Colgó. A continuación sacó el móvil del bolsillo y comprobó los mensajes. Querían derivarle dos casos de personas desaparecidas, pero nada más. Karch sabía que de un modo u otro sus días de buscar personas desaparecidas estaban a punto de terminar.
Cuando se guardó de nuevo el teléfono en el bolsillo interior del traje, notó que había algo allí y recordó que se había llevado la agenda de Leo Renfro. La sacó y la abrió. Antes sólo la había hojeado por si había alguna pista acerca del paradero del dinero o de Cassie Black. En lugar de eso, se había encontrado con las páginas llenas de notas escritas a lápiz acerca de situaciones astrales. Le fascinaba que hubiera gente que llevara a cabo sus decisiones vitales en función de la posición de las estrellas, la luna y el sol. Le parecía estúpido, y lo ocurrido a Leo constituía buena prueba de ello.

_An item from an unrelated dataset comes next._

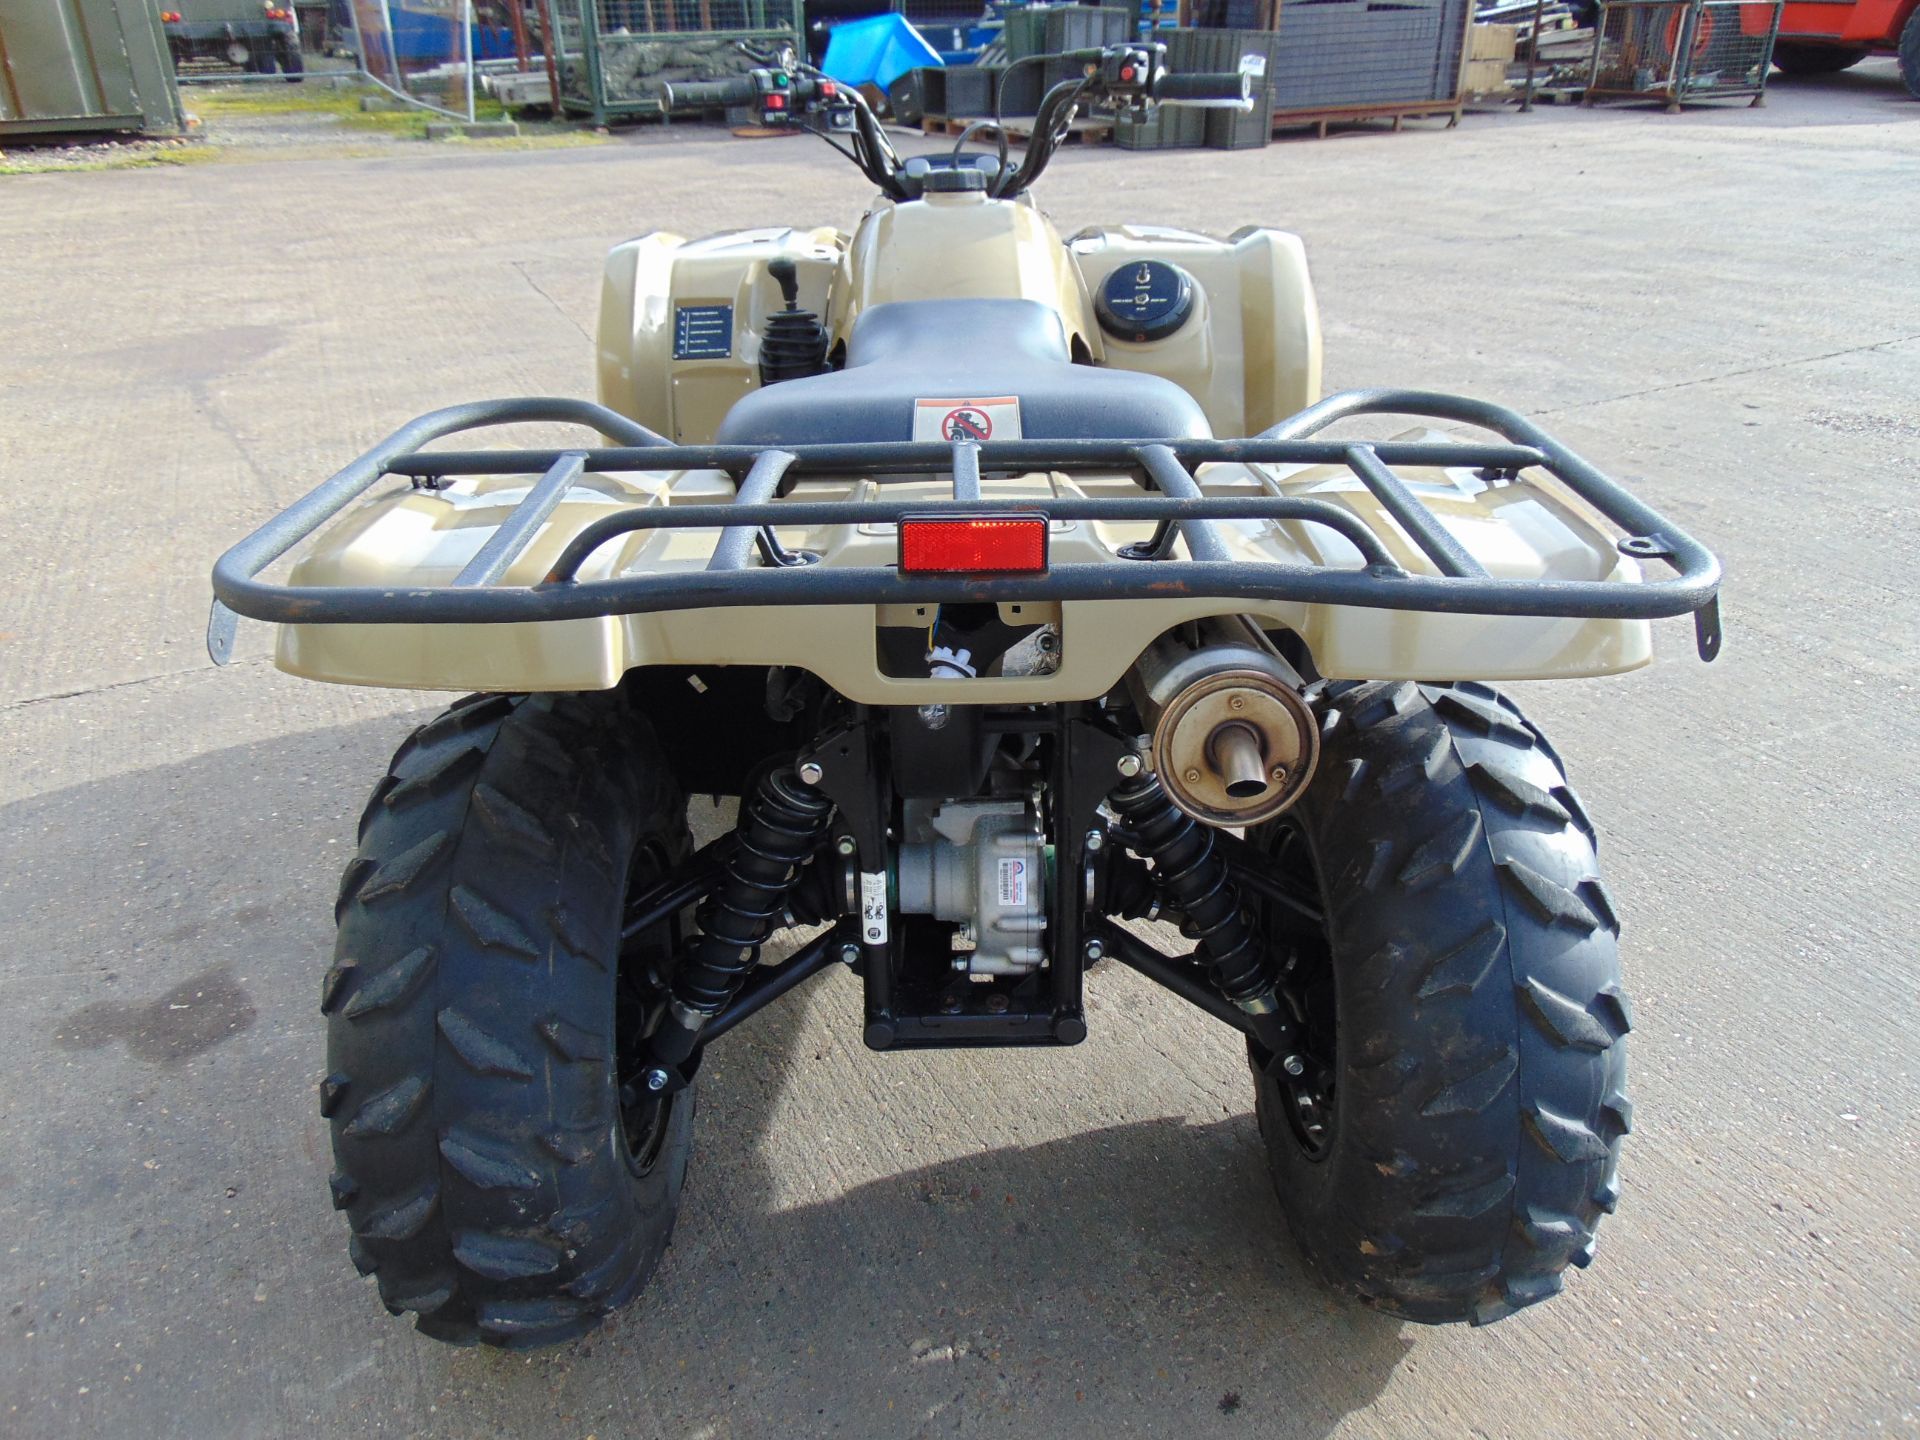 Recent Release Military Specification Yamaha Grizzly 450 4 x 4 ATV Quad Bike ONLY 75 Miles!!! - Image 8 of 24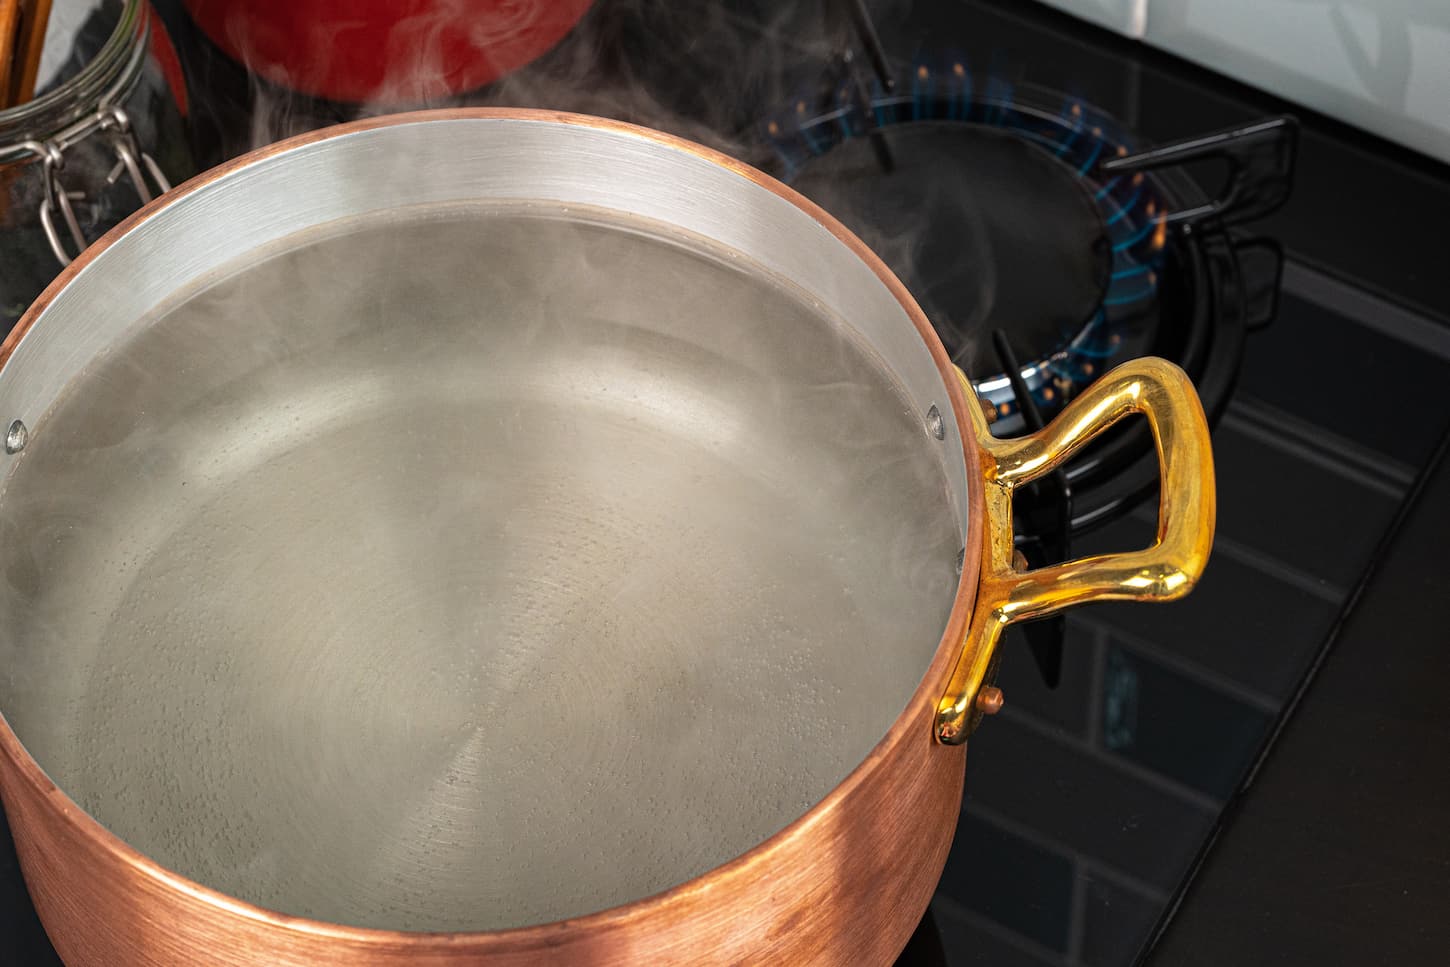 An image of a Copper pot with boiling water on a gas stove.

Pasó las hojas para ver lo que Leo había escrito acerca del futuro que no había vivido para conocer. Empezó a sonreír al llegar a una anotación particularmente larga en la fecha de ese día.
– Vaya, tenemos una luna vacía de curso -dijo en voz alta-. Entre las diez y diez y medianoche.
Pensó que tal vez había cierta verdad en todo aquello, al fin y al cabo, sabía que esa noche alguien iba a tener mala suerte. Dejó la agenda y se levantó. Caminó hasta la esquina y abrió las cortinas, descubriendo una ventana de suelo a techo. Retrocedió y admiró la vista y el cristal. Localizó el lugar donde Max Freeling había golpeado el cristal y lo había atravesado.
Miró hacia las puertas del dormitorio y oyó el característico bip-bip del Correcaminos y supo que el Coyote iba tras él.